Un homme atteint d’Ebola, qui avait récemment voyagé au Libéria, s’est présenté aux urgences de Dallas avec de la fièvre, des douleurs abdominales et des maux de tête. On lui a prescrit des antibiotiques pour une possible infection des sinus et il a quitté l’hôpital.

Trois jours plus tard, l’homme est retourné à l’hôpital avec des symptômes qui s’aggravaient. Il est mort par la suite.

Deux infirmières qui s’occupaient de lui ont également contracté le virus Ebola.

Avec plus de 89 000 cas confirmés de COVID-19 à ce jour et plus de 3 000 décès dans le monde, de nombreux cabinets médicaux et hôpitaux dans les grandes villes comme New York et Los Angeles interrogent déjà les patients sur leurs antécédents de voyage.

Mais selon M. Johnson, même les professionnels de la santé des petites villes devraient se poser ces questions.

« Les gens voyagent de l’étranger vers les grands aéroports comme Philadelphie et New York, puis vers les aéroports régionaux », a-t-elle déclaré. « Ainsi, même les habitants des zones rurales peuvent encore être en contact avec des maladies infectieuses ».

En ce moment, l’accent est mis sur COVID-19. Mais le changement climatique, l’augmentation des voyages à travers le monde et les interactions continues entre l’homme et les animaux sauvages font qu’il est probable que de nouvelles maladies infectieuses continueront à apparaître chez l’homme.

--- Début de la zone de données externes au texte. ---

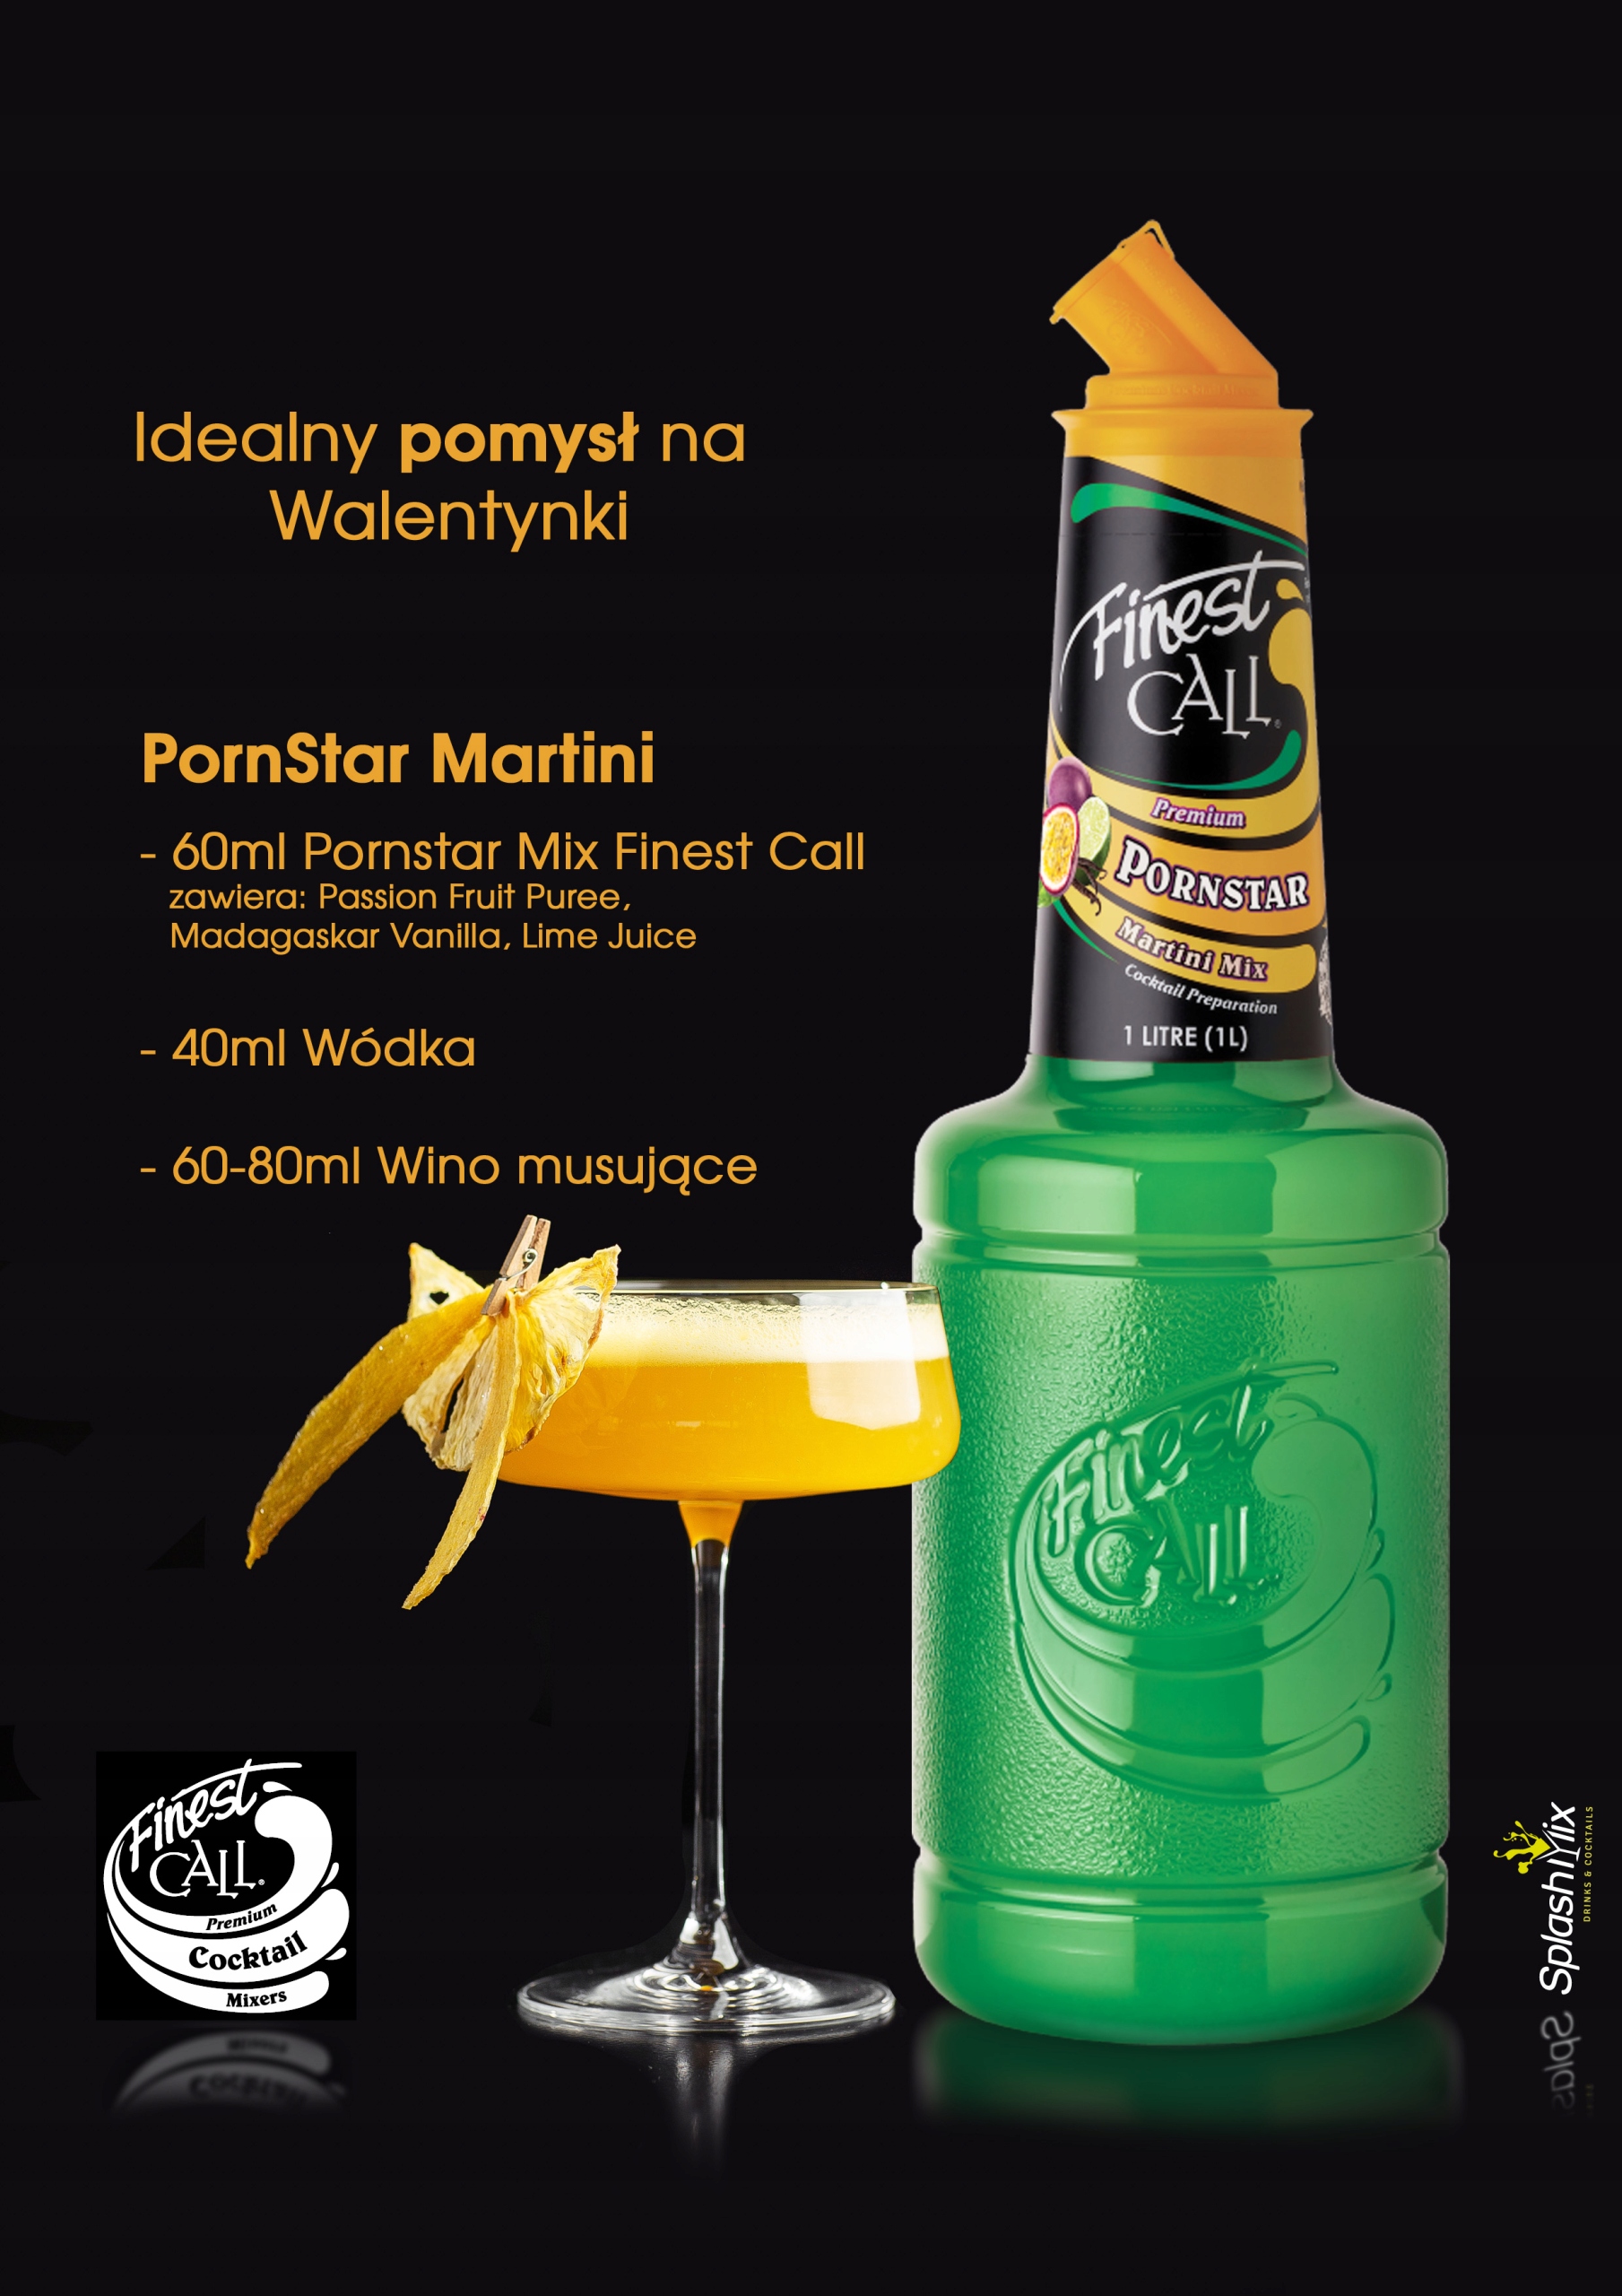 Porn Star Martini Pornstar Marakuja wanilia Finest Produkt nie zawiera drożdży glutenu GMO jajek laktozy nabiału oleju palmowego pszenicy soi
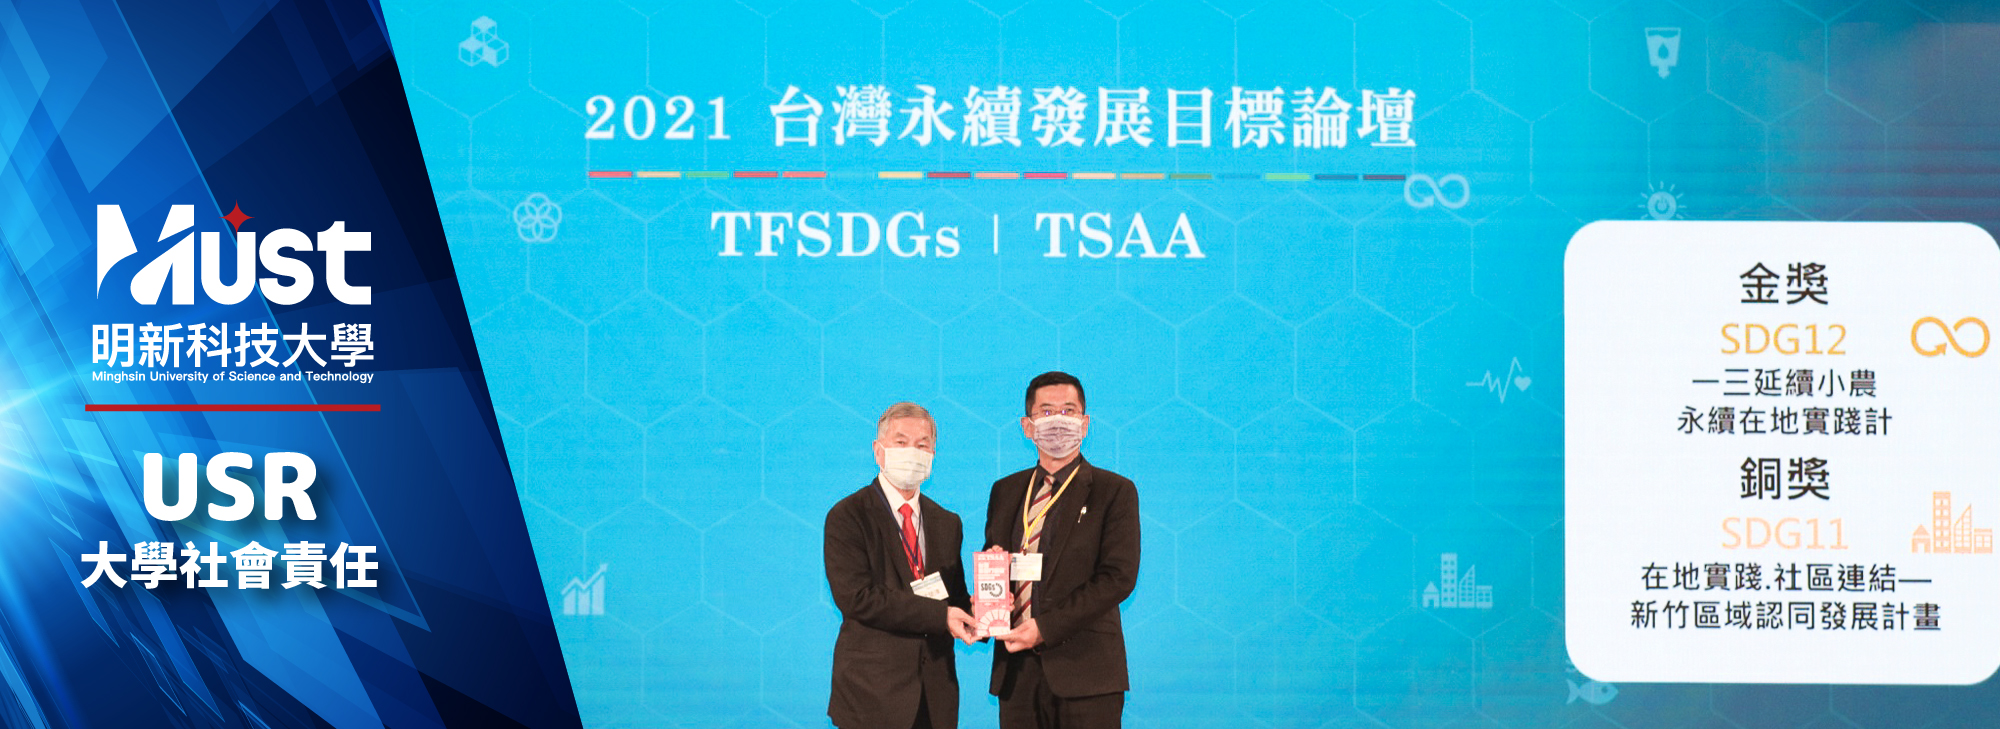 20220131 校首頁 研發處 賀本校榮獲2021首屆「TSAA台灣永續行動獎」金獎、銅獎2-01

Pour cette raison, M. Johnson estime que la question des antécédents de voyage d’un patient devrait faire partie intégrante de la pratique médicale, même après la fin de l’épidémie actuelle.

« Nous vivons dans une société mondiale », a déclaré M. Johnson. « Il y a beaucoup d’endroits dans le monde où les maladies sont endémiques dans ces régions – ce qui signifie qu’elles n’existent que dans cette population – mais ne sont pas endémiques aux États-Unis ».